Exercise goal: Copy out every line from the records that includes "Titel".

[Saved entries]
+++

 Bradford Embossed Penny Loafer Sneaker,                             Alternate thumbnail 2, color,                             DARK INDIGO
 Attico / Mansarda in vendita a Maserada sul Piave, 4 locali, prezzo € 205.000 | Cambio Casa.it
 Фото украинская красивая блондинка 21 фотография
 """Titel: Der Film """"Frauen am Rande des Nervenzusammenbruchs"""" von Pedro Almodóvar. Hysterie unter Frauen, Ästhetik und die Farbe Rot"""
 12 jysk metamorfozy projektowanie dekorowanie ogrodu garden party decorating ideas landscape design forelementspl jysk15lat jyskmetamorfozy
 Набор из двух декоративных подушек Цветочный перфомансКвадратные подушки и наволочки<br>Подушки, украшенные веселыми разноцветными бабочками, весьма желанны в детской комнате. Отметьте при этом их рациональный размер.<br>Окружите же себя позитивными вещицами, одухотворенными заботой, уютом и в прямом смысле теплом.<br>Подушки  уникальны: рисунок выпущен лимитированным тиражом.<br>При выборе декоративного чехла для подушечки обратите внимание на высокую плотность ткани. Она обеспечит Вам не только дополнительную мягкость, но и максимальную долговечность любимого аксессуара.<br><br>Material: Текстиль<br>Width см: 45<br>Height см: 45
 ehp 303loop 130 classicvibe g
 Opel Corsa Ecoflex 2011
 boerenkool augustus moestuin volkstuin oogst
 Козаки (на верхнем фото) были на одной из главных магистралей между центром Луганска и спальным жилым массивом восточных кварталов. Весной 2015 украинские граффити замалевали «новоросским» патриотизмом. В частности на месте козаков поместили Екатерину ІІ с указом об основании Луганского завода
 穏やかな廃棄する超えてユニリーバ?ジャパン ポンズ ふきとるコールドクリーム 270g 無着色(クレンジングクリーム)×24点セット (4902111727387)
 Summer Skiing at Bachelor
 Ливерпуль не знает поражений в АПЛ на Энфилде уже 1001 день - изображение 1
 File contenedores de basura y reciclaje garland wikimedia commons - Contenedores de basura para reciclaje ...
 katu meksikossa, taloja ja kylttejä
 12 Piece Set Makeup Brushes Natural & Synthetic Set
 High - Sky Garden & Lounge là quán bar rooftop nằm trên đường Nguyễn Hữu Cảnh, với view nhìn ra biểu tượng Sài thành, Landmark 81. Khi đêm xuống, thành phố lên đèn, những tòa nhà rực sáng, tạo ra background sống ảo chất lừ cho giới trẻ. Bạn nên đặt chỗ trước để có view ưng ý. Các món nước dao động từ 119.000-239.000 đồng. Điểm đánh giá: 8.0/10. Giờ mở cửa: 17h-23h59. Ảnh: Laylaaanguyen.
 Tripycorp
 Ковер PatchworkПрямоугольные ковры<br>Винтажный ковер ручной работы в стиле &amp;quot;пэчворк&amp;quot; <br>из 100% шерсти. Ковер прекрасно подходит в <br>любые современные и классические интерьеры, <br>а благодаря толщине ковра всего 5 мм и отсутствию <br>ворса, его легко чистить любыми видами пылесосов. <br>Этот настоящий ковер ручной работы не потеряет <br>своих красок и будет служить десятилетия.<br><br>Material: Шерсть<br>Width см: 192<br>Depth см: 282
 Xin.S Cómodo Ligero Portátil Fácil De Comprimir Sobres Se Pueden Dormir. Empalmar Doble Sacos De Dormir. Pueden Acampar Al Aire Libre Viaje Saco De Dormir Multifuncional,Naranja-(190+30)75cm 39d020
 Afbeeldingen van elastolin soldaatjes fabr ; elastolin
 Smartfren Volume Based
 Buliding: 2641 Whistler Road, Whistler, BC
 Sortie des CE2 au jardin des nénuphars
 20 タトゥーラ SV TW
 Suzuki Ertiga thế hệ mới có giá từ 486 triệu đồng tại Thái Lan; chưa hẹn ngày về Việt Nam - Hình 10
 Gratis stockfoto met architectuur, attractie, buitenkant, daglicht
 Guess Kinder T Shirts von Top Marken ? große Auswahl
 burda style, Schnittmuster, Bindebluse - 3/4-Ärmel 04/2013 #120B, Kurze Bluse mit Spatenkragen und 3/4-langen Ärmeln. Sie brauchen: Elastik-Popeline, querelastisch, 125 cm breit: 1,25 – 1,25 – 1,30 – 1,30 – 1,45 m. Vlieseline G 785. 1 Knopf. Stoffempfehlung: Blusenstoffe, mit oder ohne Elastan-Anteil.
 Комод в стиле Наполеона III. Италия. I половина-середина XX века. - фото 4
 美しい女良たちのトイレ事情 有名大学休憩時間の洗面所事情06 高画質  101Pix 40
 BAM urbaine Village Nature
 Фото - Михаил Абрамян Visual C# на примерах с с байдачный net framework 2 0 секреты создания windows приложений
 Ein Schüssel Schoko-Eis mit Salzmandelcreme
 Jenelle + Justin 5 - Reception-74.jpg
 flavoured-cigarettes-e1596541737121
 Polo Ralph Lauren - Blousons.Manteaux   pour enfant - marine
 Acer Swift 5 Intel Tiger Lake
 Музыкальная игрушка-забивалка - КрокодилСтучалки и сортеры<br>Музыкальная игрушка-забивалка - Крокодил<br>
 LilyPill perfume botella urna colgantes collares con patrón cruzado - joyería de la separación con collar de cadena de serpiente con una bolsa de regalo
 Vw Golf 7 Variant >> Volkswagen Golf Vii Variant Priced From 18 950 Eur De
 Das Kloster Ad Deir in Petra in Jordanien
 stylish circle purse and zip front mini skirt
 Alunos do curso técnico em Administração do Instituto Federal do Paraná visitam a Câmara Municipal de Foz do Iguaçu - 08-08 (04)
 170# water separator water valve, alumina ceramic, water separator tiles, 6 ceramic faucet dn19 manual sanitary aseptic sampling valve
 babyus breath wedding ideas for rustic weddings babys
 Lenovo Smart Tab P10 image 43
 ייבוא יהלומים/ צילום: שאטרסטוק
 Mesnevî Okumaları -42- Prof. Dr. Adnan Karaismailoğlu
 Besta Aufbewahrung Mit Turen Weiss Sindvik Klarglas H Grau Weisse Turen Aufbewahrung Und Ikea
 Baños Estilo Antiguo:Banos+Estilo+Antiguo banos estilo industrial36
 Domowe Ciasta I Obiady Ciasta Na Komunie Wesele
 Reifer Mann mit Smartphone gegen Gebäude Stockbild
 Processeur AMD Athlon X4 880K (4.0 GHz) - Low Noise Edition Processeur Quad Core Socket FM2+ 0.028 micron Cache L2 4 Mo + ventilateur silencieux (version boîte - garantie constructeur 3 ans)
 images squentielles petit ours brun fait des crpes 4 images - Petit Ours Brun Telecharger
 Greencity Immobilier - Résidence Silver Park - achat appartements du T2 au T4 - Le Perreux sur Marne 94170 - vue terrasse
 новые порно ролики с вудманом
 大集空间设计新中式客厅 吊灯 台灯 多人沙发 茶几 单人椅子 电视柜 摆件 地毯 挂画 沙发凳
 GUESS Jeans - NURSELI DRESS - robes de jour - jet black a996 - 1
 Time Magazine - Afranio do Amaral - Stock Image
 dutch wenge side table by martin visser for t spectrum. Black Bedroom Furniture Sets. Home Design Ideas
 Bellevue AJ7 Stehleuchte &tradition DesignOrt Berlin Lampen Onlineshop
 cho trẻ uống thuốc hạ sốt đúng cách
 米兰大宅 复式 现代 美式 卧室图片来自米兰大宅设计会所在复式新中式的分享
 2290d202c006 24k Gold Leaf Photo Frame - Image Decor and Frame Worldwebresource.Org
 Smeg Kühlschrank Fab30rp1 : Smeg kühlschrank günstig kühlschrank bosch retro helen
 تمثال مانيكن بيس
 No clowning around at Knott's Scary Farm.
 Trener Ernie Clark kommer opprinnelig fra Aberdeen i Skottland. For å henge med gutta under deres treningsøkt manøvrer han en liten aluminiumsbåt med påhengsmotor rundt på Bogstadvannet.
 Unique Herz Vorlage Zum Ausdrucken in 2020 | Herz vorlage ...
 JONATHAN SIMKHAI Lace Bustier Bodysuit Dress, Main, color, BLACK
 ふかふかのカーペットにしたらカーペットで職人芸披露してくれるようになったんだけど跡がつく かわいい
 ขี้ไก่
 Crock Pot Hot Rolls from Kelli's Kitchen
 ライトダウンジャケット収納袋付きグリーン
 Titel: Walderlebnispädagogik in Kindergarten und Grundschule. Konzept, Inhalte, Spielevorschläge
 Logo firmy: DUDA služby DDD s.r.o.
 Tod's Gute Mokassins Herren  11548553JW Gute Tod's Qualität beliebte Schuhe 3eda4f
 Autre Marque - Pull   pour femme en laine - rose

+++

Solution:
 """Titel: Der Film """"Frauen am Rande des Nervenzusammenbruchs"""" von Pedro Almodóvar. Hysterie unter Frauen, Ästhetik und die Farbe Rot"""
 Titel: Walderlebnispädagogik in Kindergarten und Grundschule. Konzept, Inhalte, Spielevorschläge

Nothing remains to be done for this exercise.